Henry Fisker died at the age of 91.

PP530 Tub Chair by Hans J. Wegner

Green Tub Chair by Hans Wegner
Black Tub Chair by Hans Wegner
The green PP530 Tub Chair by Hans Wegner I saw in the Design Museum Danmark in Kopenhagen.
PP Mobler about it:

Conceived in 1954 the Tub Chair was a pioneering experiment, and it turned out to be the most advanced shell chair design Wegner ever did, as the back of the chair is a complicated double bent shell comprising two individual shapes: One that is bent and one that is both bent and twisted.

Even besides the complexity of the back, the Tub Chair is a unique fusion, where Wegner merge the moulded plywood technique with upholstery and traditional work in solid wood and even adding a metal angle adjustment mechanism for the back.
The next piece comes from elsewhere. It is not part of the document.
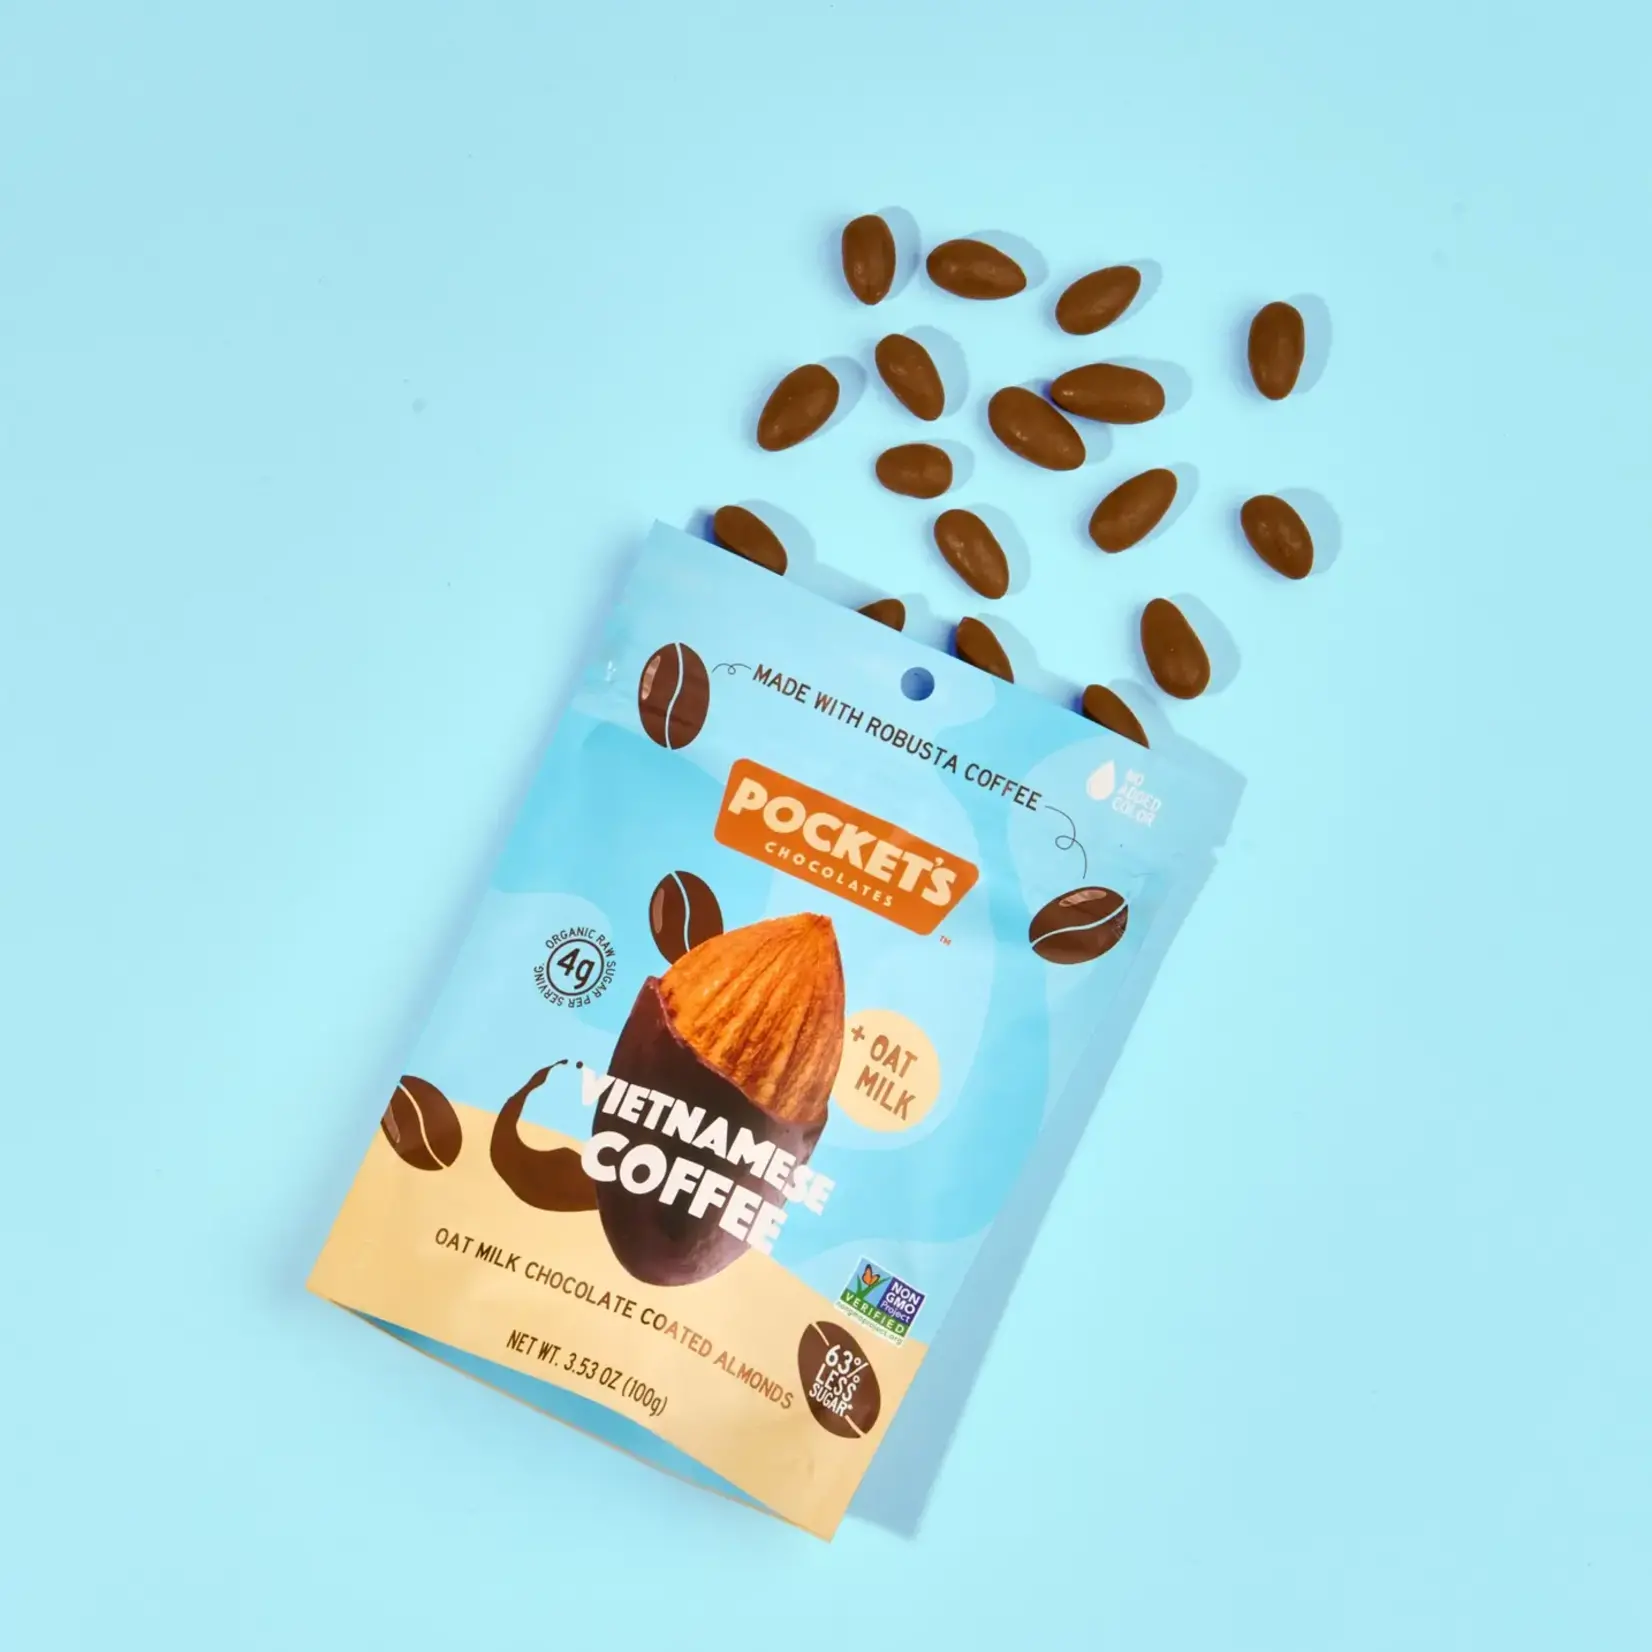 Pocket's Chocolates Chocolate Almond Pouch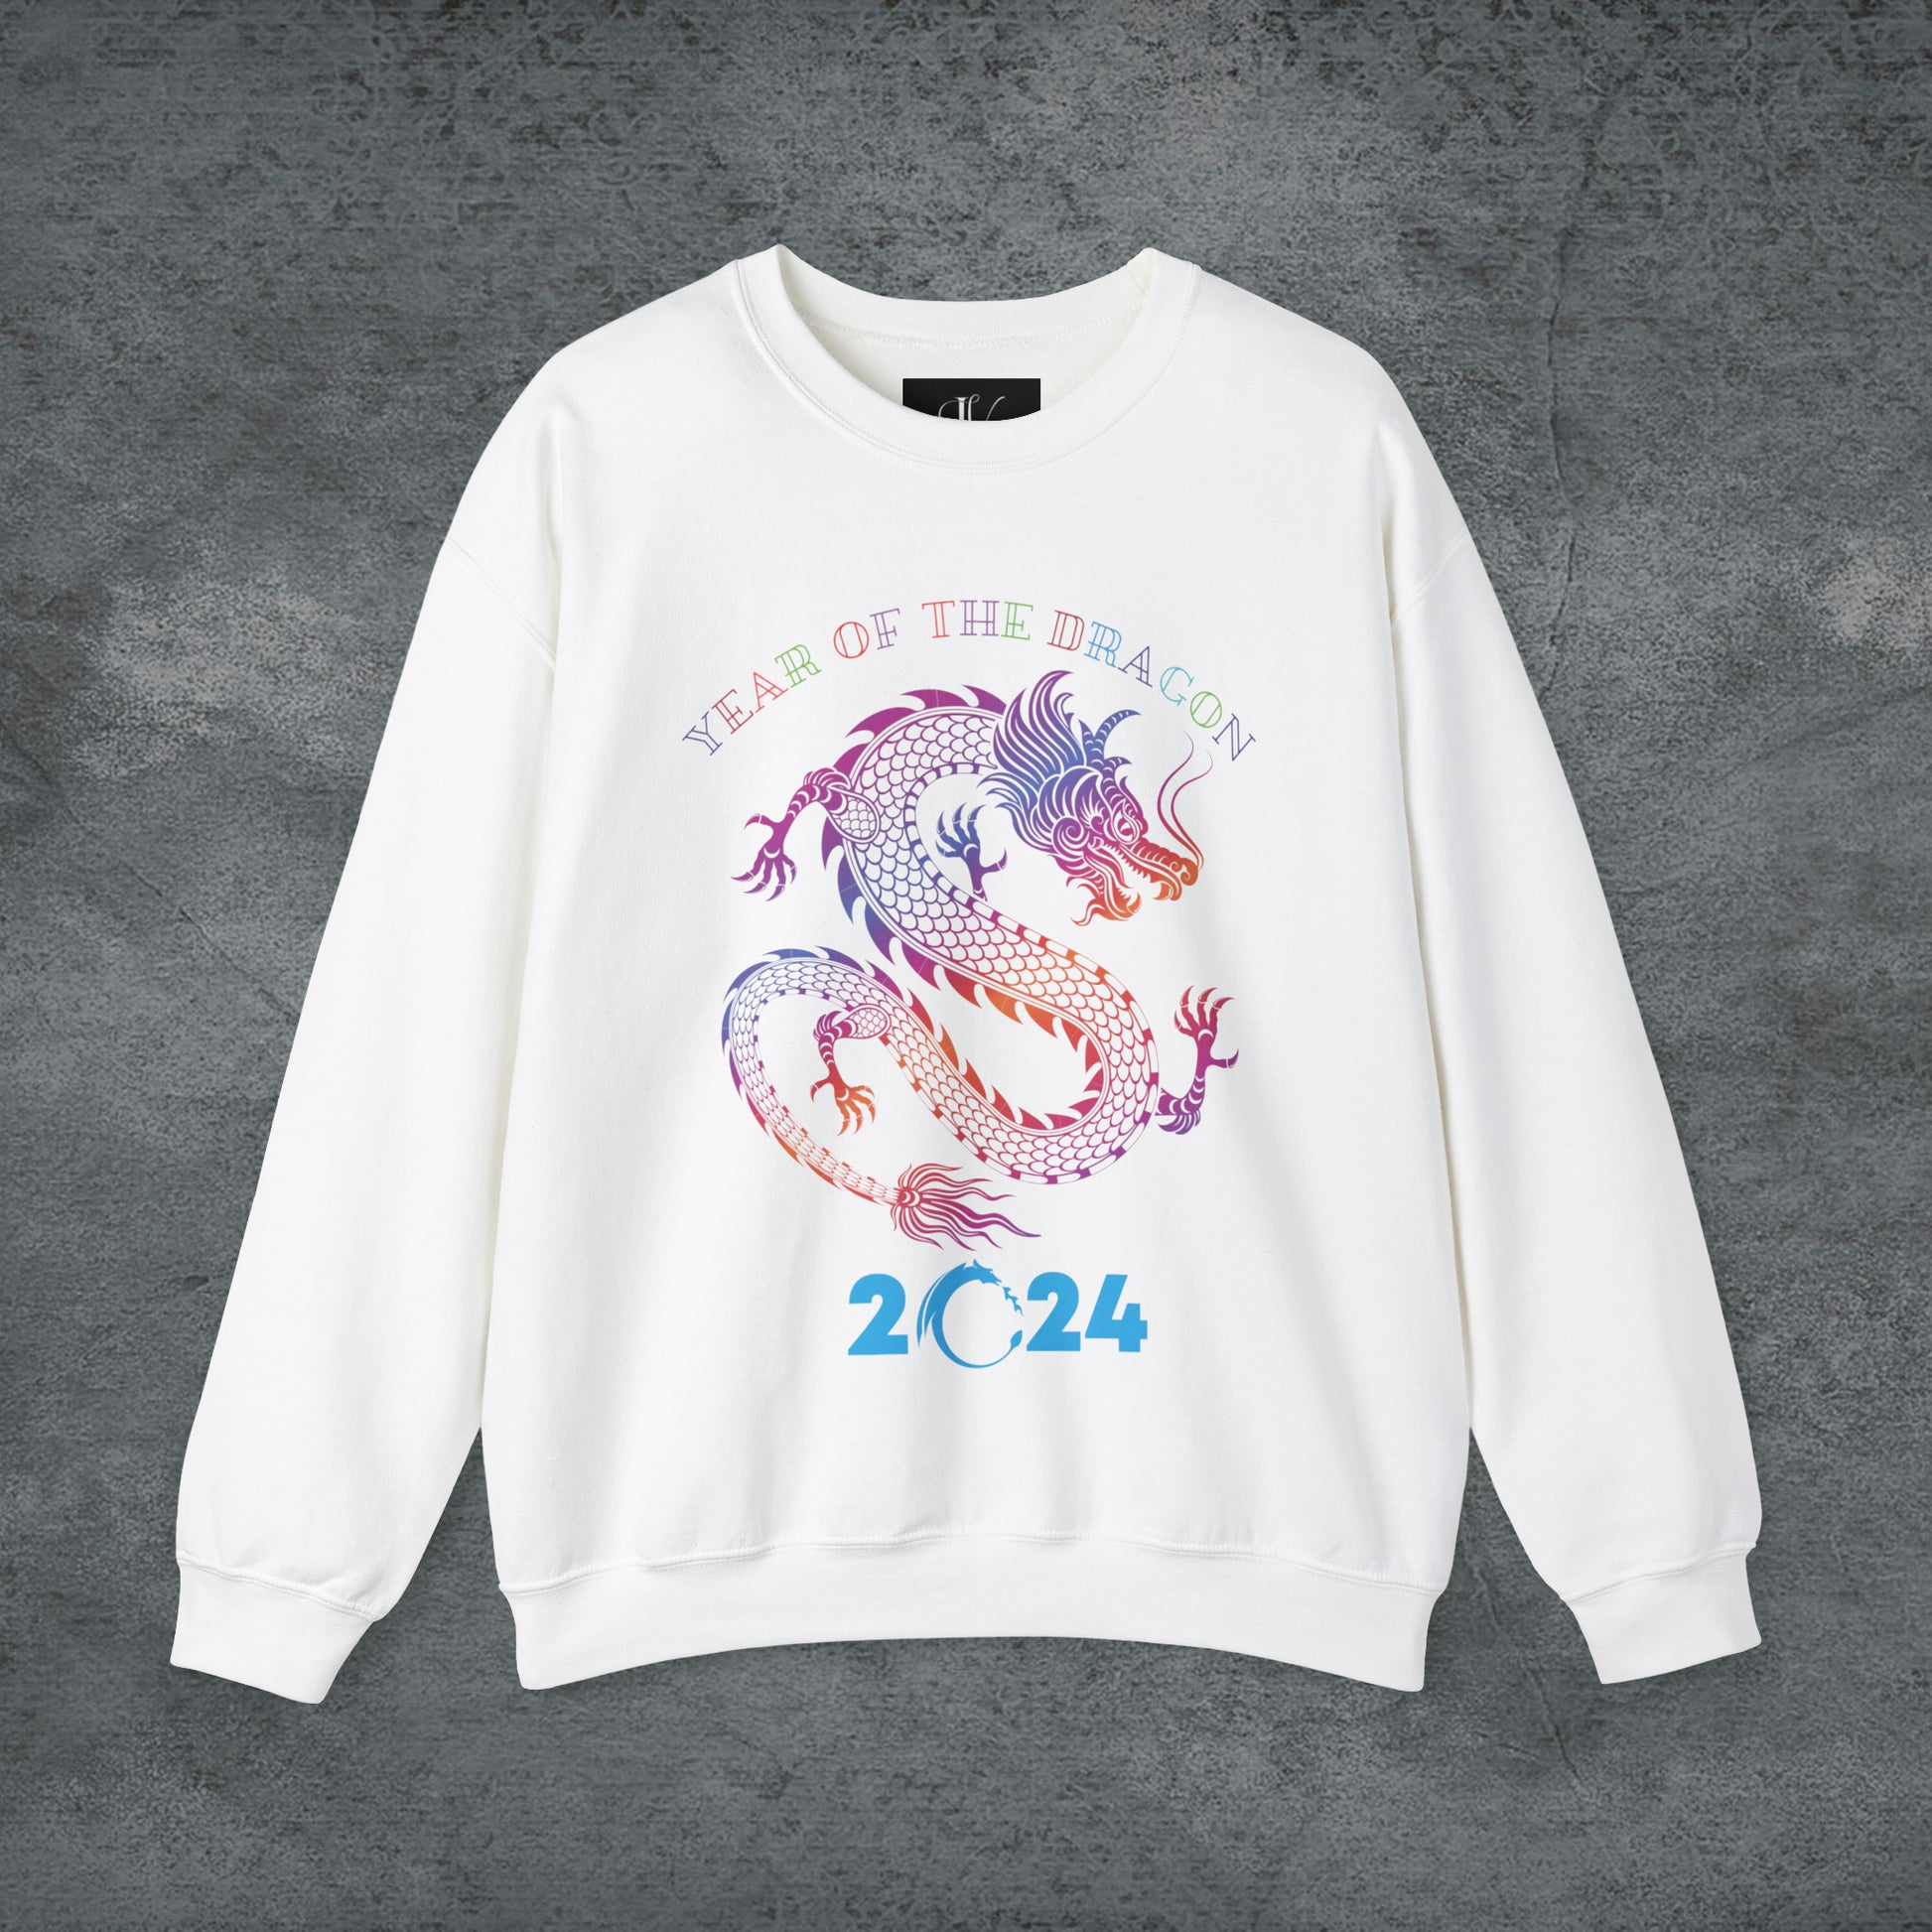 Year of the Dragon Sweatshirt - 2024 Chinese Zodiac Shirt for Lunar New Year Celebrations Sweatshirt S White

It is one of the most striking and brilliant examples of Wegner’s vision and courage, and still it is a most practical, usable and comfortable chair.

However, the Tub Chair was not technically possible to produce in a rational way within the lifetime of Wegner. As our techniques have developed, PP Møbler has been able to produce this great tribute and introduce this bold design in celebration of the 100 years anniversary of Wegner, one of the greatest designers of all times.

The black one I found at the auction site of Phillips where an early model was sold for UK pound 50,000 in October 2015

The Catalogue about it:

The present lot is one of two known period examples of the ‘Tub’ chair, a model which did not enter into wider production during Hans J. Wegner’s lifetime. The chair seat is composed of two pieces of fabric-covered moulded plywood. It rests on a dramatically angled oak base and is supported by a brass mechanism that allows for adjustment of the back angle. Its complexity prohibited fabrication in greater number, though it was included in the 1954 Cabinetmaker’s Guild exhibition in Copenhagen. The chair is a notable example of Wegner’s explorations into the possibilities of plywood, but ultimately the demands of employing both laminate and solid wood construction concurrently were too great and he chose to focus on the latter.

The design of the ‘Tub’ chair shares the intuitive elegance of Wegner’s other furniture, and references certain features of his most well-known chair designs specifically. While structurally more elaborate, the clamshell-form seat relates to the ‘Peacock’ chair (1947) and the forceful forward movement of the base to the ‘Folding’ chair (1949). The ‘Tub’ most closely anticipates Wegner’s ‘Shell’ chair of 1963. It is notable that even a decade after the introduction of the ‘Tub’, the ‘Shell’ form was still considered too radical for its time. It was following the ‘Shell’ chair designs that Wegner closed the chapter on his experiments with plywood. However by 1989 it was picked for the cover of the catalogue for the exhibition celebrating Wegner’s 77th birthday and has since become one of his most iconic masterpieces. The present chair is consequently a rare illustration of some of his earliest career-defining ideas.

Black CH 29 or Sawbuck Chair by Hans J. Wegner

Black CH 29 or Sawbuck Chair by Hans Wegner
CH 29 or Sawbuck Chair by Hans Wegner dates from 1953 and is still produced by Carl Hansen and Son. Photo taken in their Copenhagen show room.

CH468 Oculus Chair by Hans J. Wegner

Red CH468 Oculus Chair by Hans Wegner

Black CH468 Oculus Chair by Hans Wegner

Hans Wegner designed the Oculus Chair in the sixties. Only few were made in the sixties for special occasions. In regular production by Carl Hansen and Son since 2010.